## INFORMATION SHOWN
+ + + + +

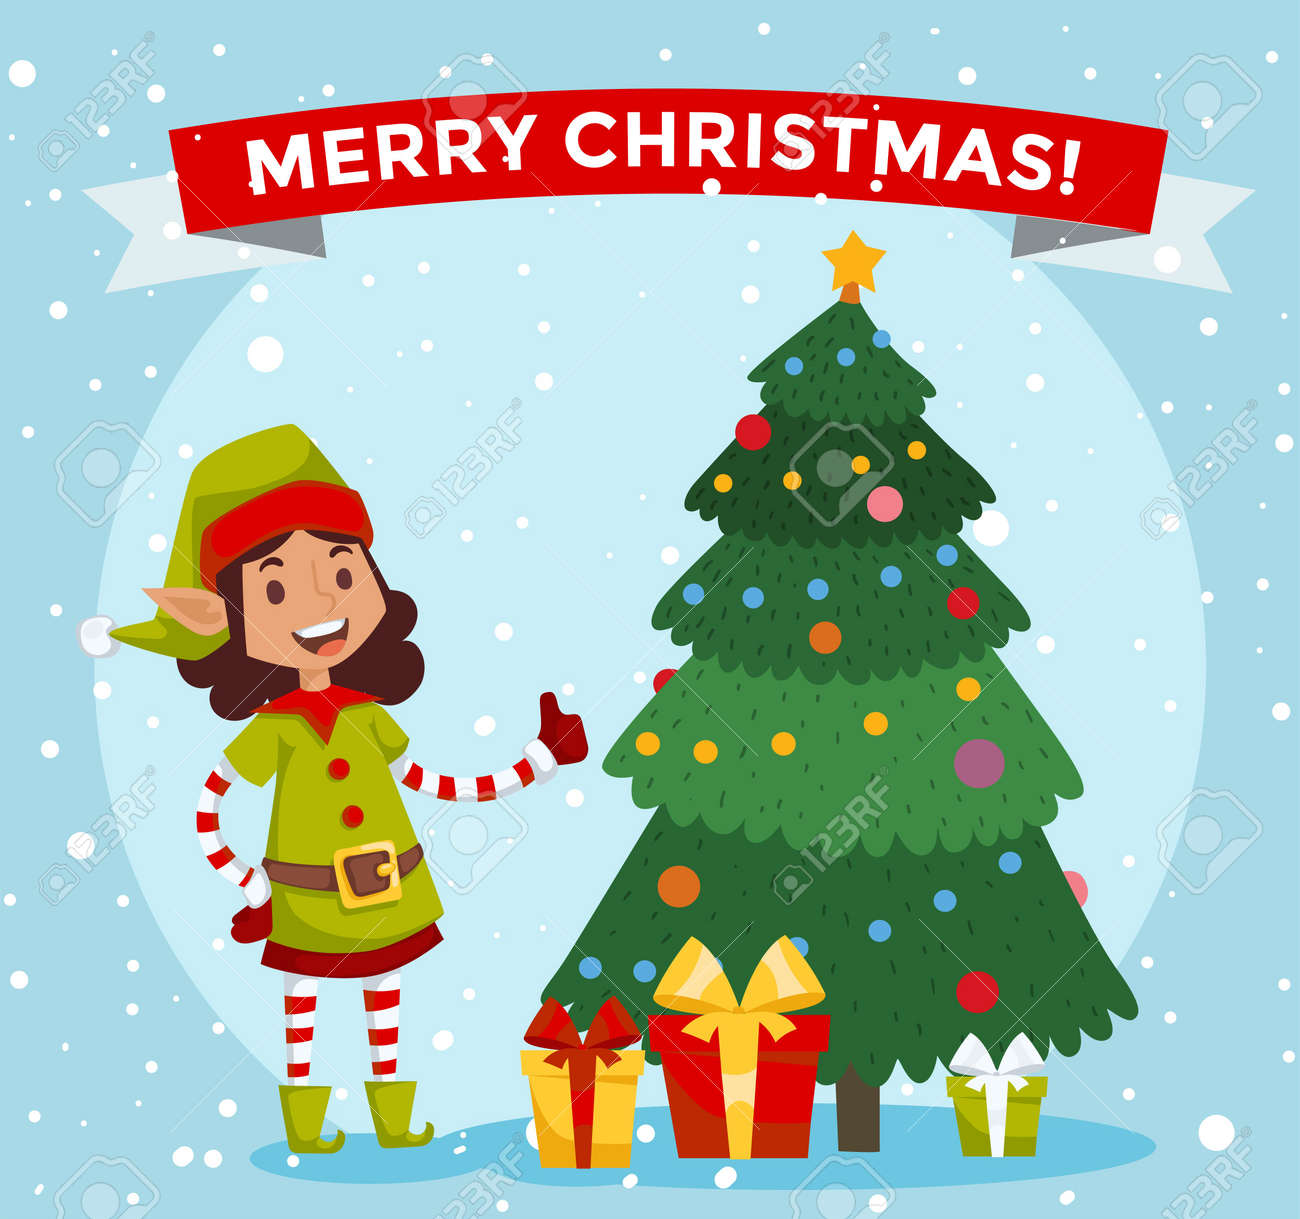 Santa Claus Kids Cartoon Elf Helpers Illustration Santa Claus Elf
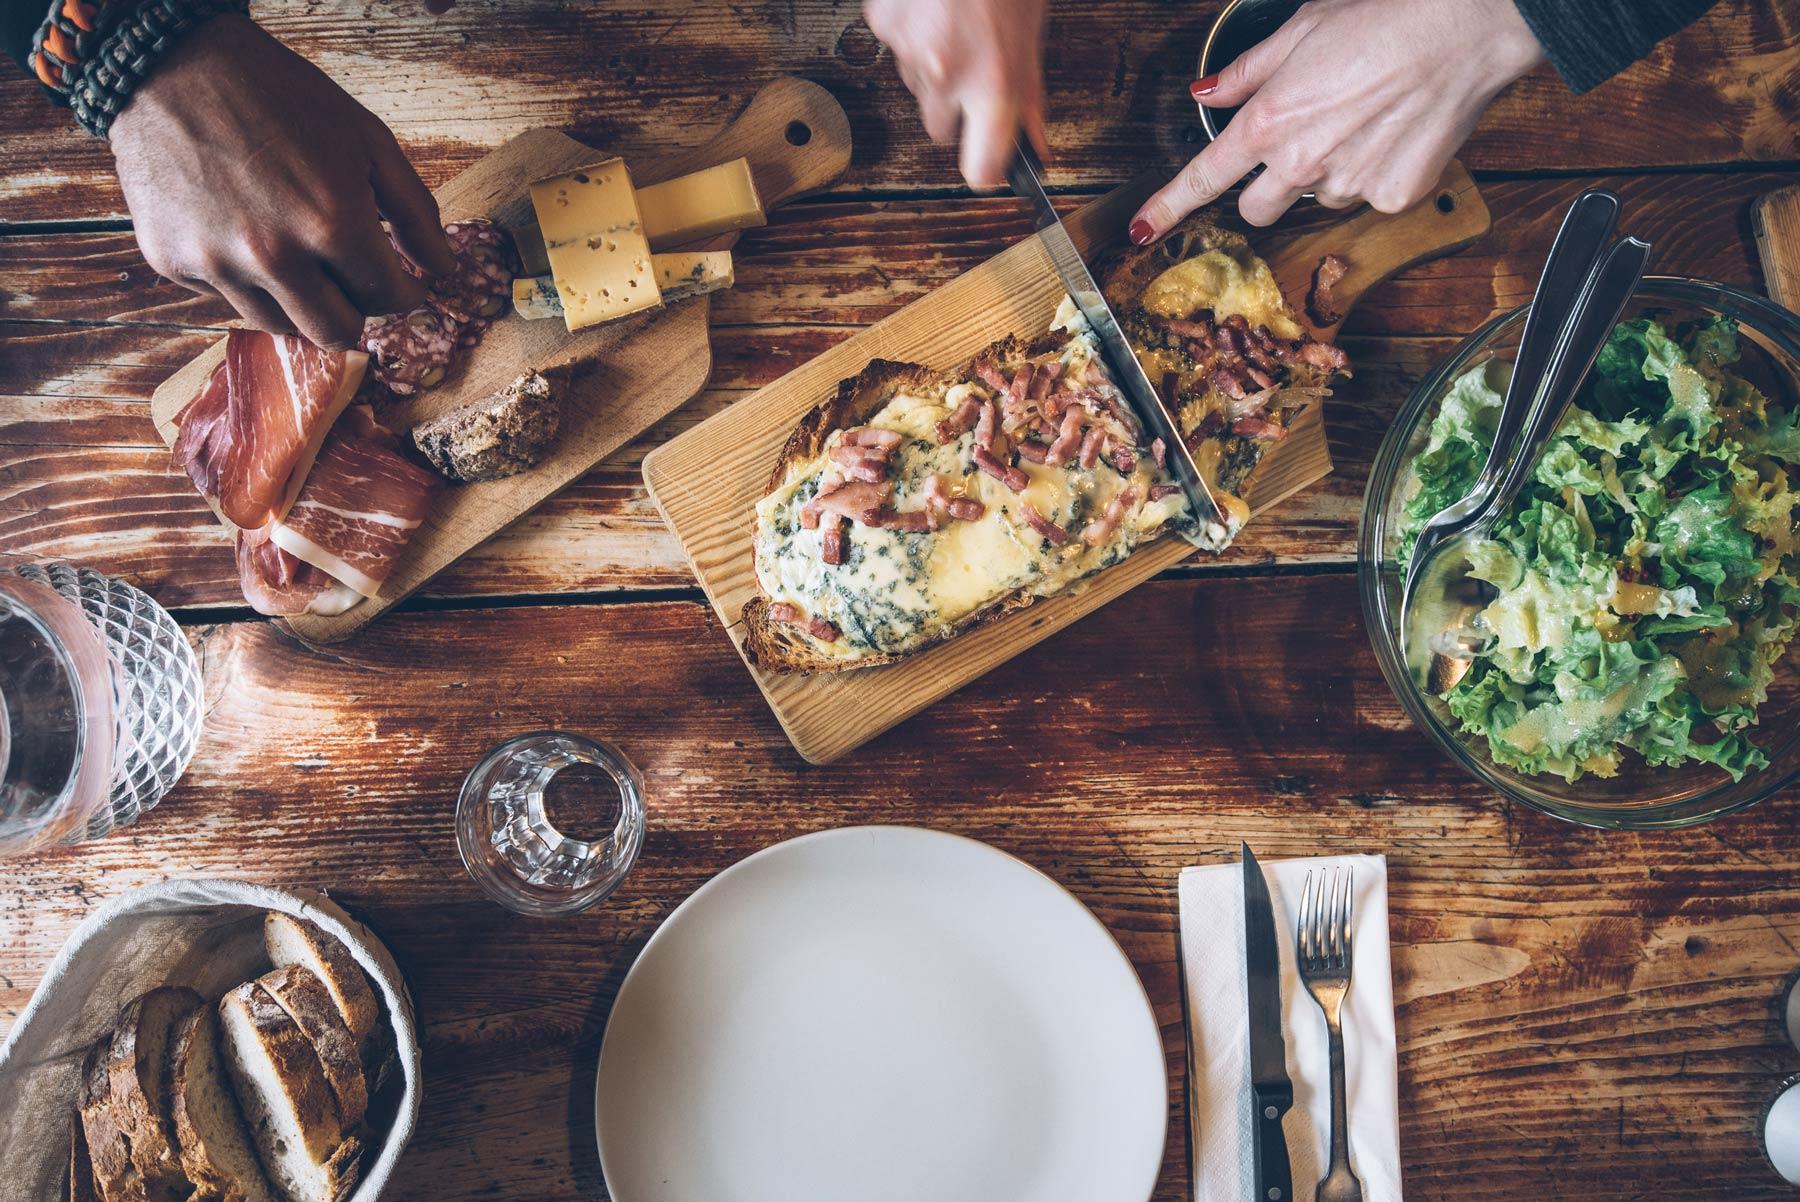 Ou manger dans le Jura: Refuge du Berbois à la Pesse
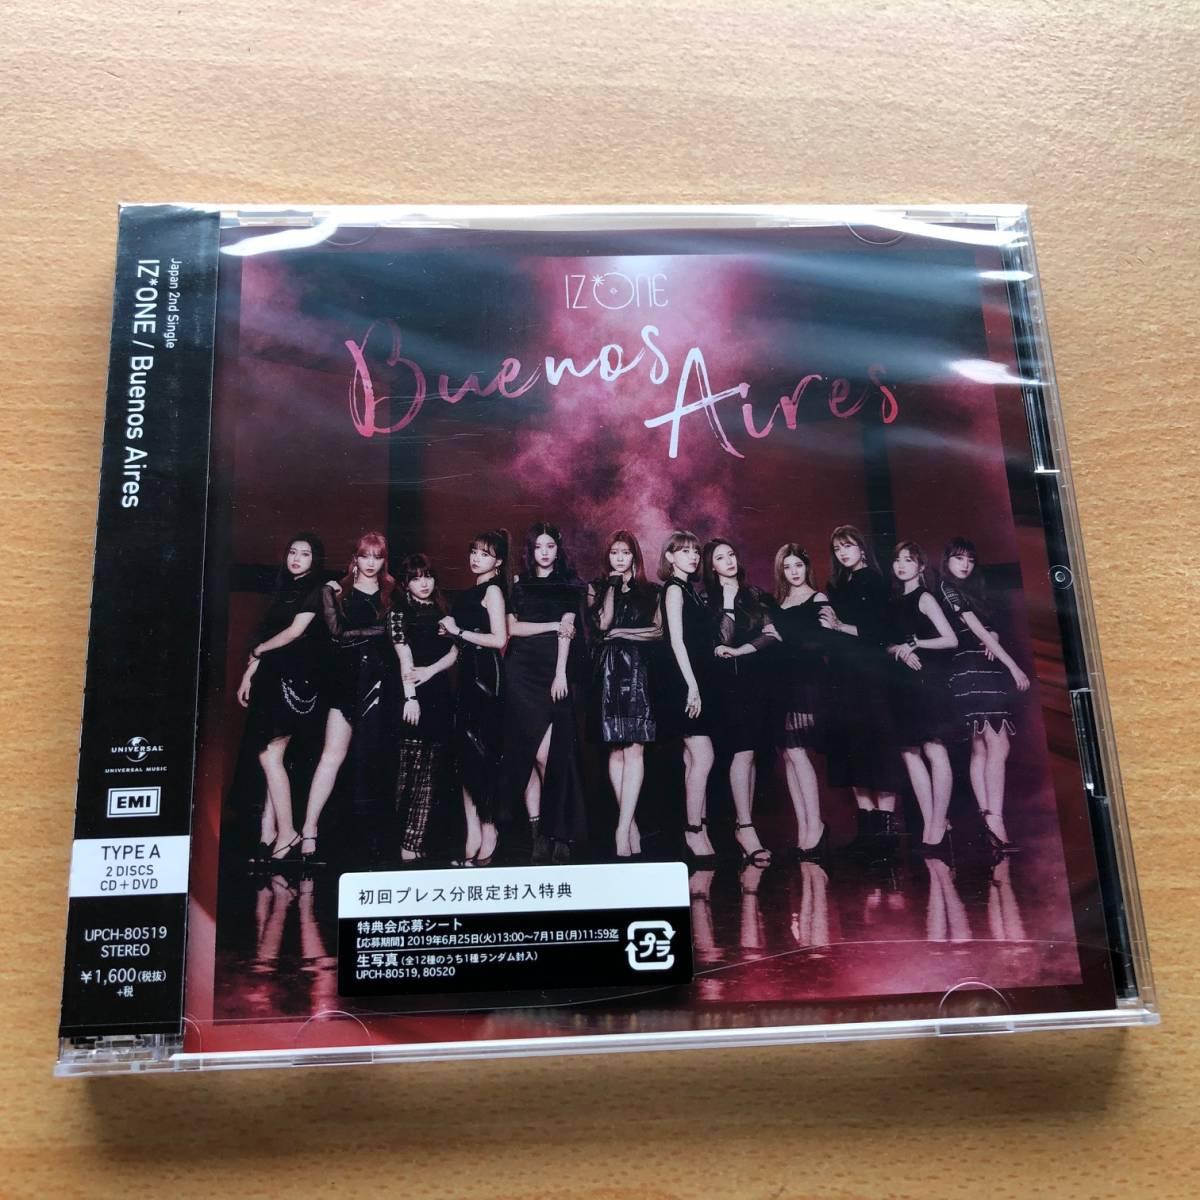 IZ*ONE(アイズワン)JAPAN 2nd Single『 Buenos Aires 』限定特典生写真 矢吹奈子 & CD(DVD)TYPE-A盤 セット 新品 未試聴_画像2
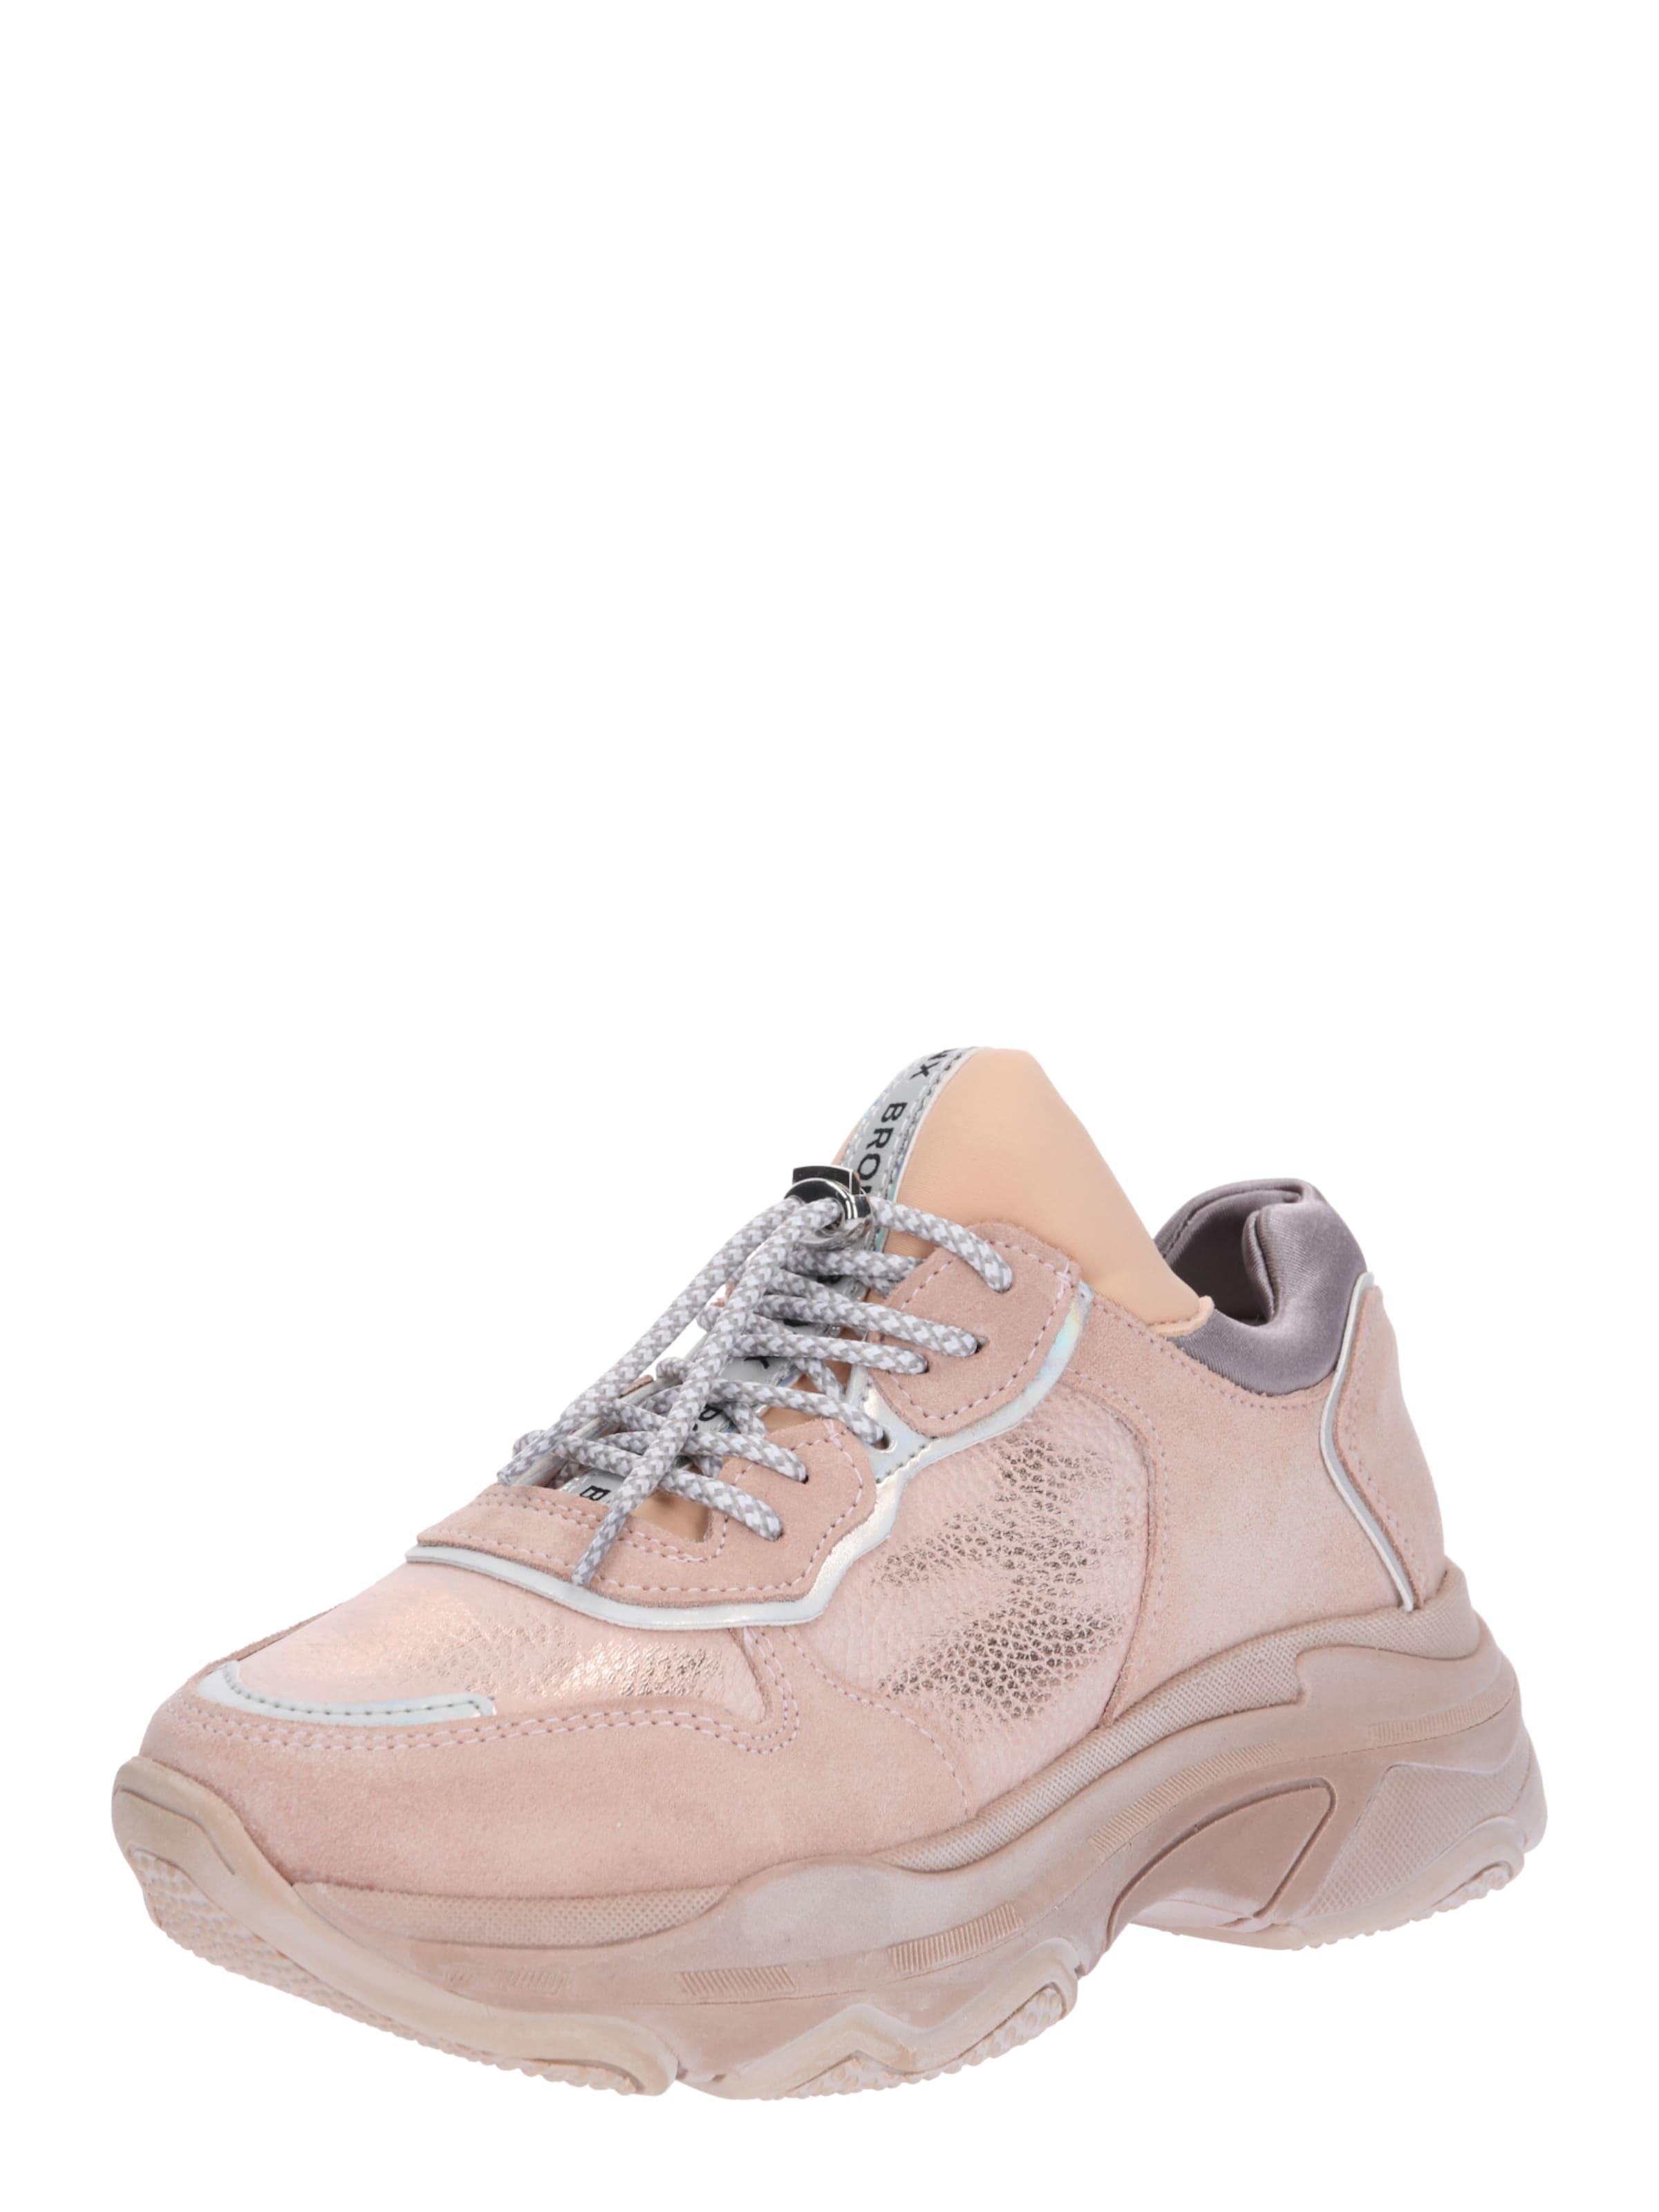 BRONX Sneaker Low Günstige und langlebige Schuhe

+ + + + +

## PROBLEM TO WORK ON
Restate word for word, and only, the lines from the line that contains "Ou manger dans" through the end of the data, both included; pictures are not part of the copy.

## RESPONSE TO THIS EXERCISE
 Ou manger dans le Jura: Refuge du Berbois à la Pesse
 IZ*ONE(アイズワン)JAPAN 2nd Single『 Buenos Aires 』限定特典生写真 矢吹奈子 & CD(DVD)TYPE-A盤 セット 新品 未試聴_画像2
 BRONX Sneaker Low Günstige und langlebige Schuhe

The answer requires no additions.